● Supplied information:
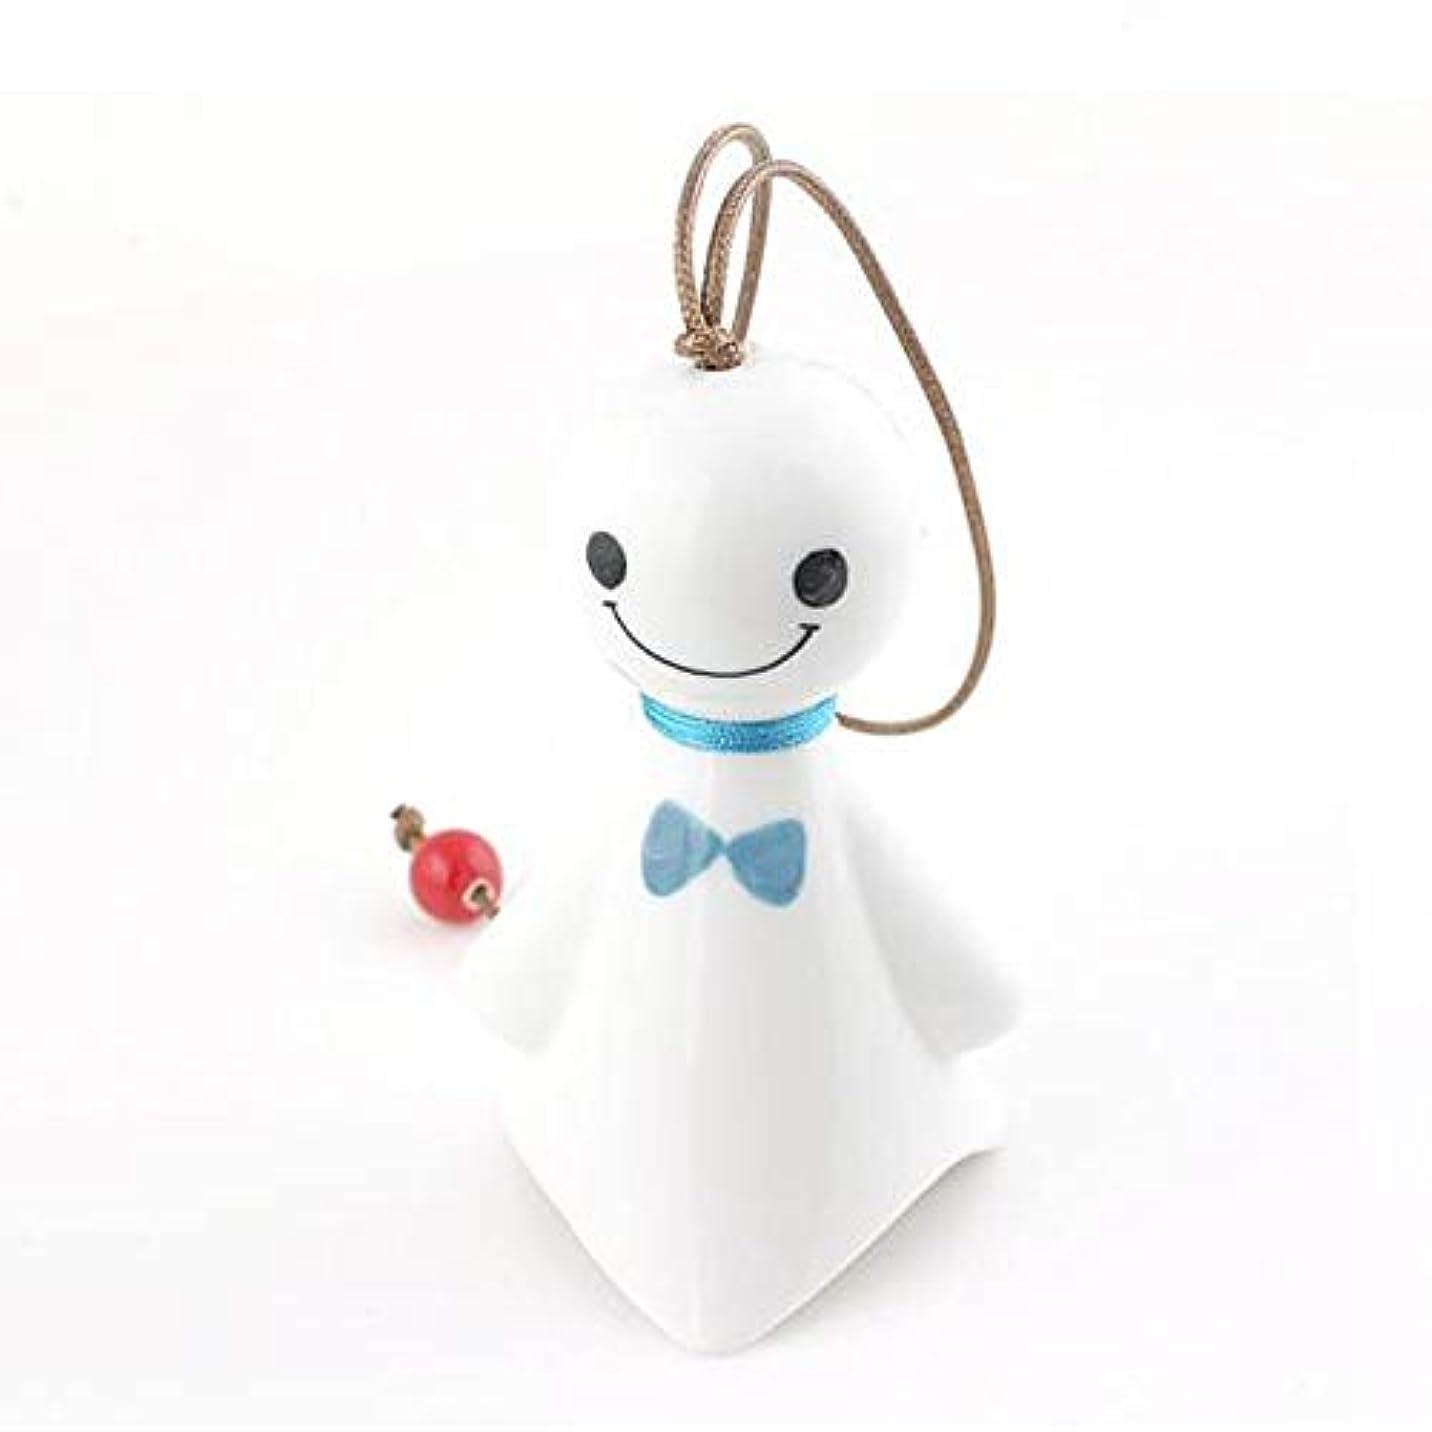 朝中絶高齢者Hongyuantongxun 風チャイム、クリエイティブ?陶磁器人形風の鐘、ブルー、6CMについて全長,、装飾品ペンダント (Color : Blue)
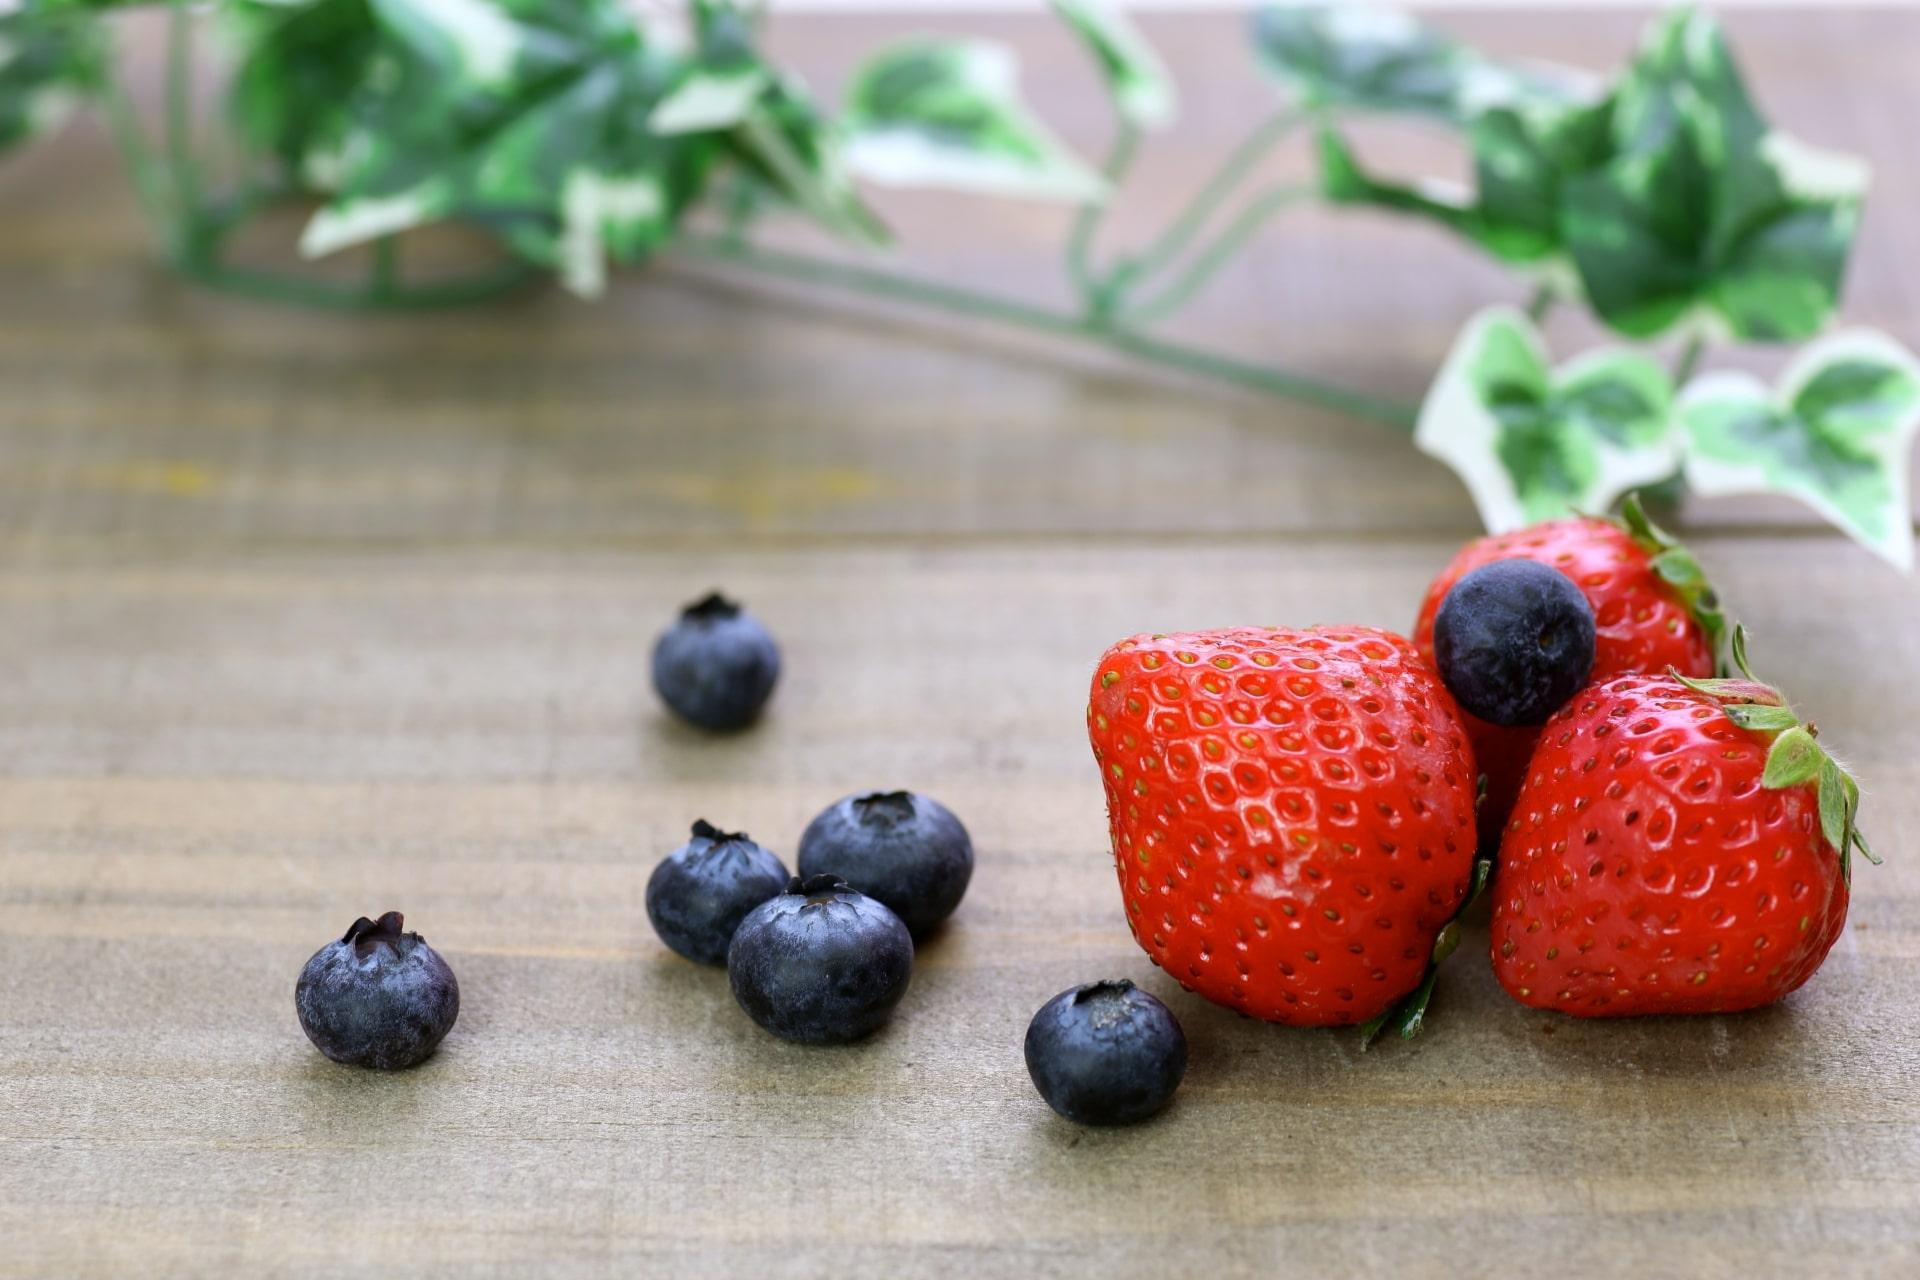 ベリーで健康!! イチゴとブルーベリーの栄養と保存方法
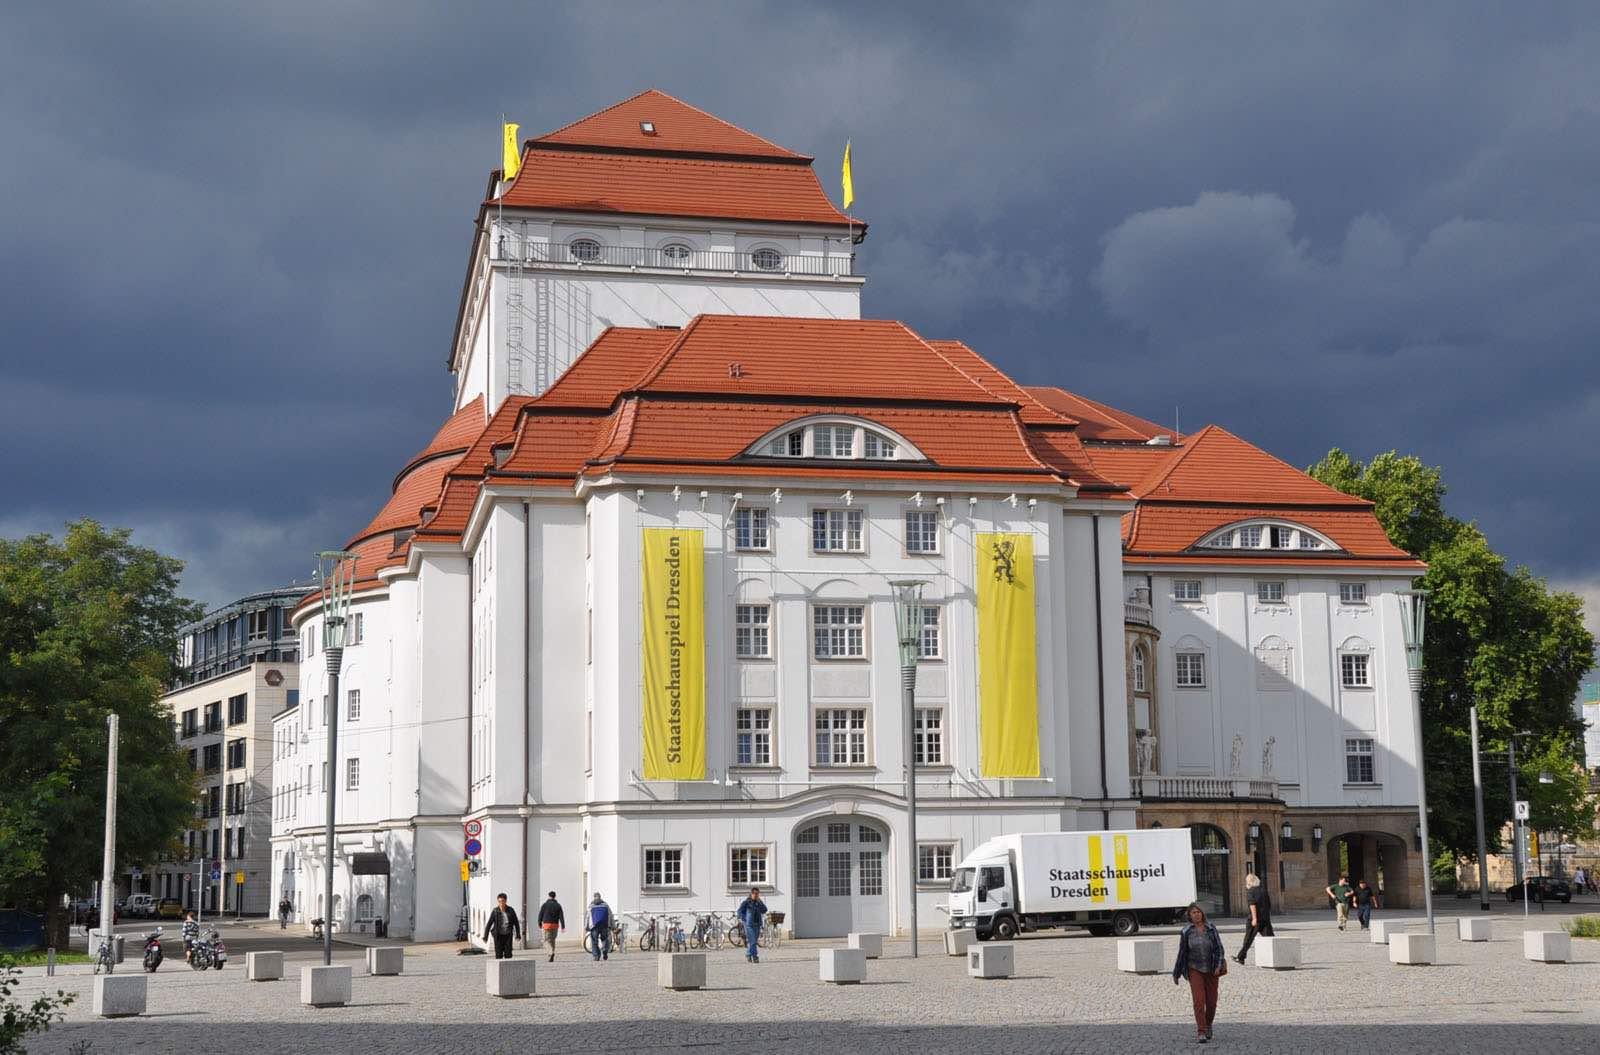 Schauspielhaus vom Postplatz Dresden aus gesehen

● What is required: With images omitted, output the data exactly as given.

● Response to the exercise:
 朝中絶高齢者Hongyuantongxun 風チャイム、クリエイティブ?陶磁器人形風の鐘、ブルー、6CMについて全長,、装飾品ペンダント (Color : Blue)
 ベリーで健康!! イチゴとブルーベリーの栄養と保存方法
 Schauspielhaus vom Postplatz Dresden aus gesehen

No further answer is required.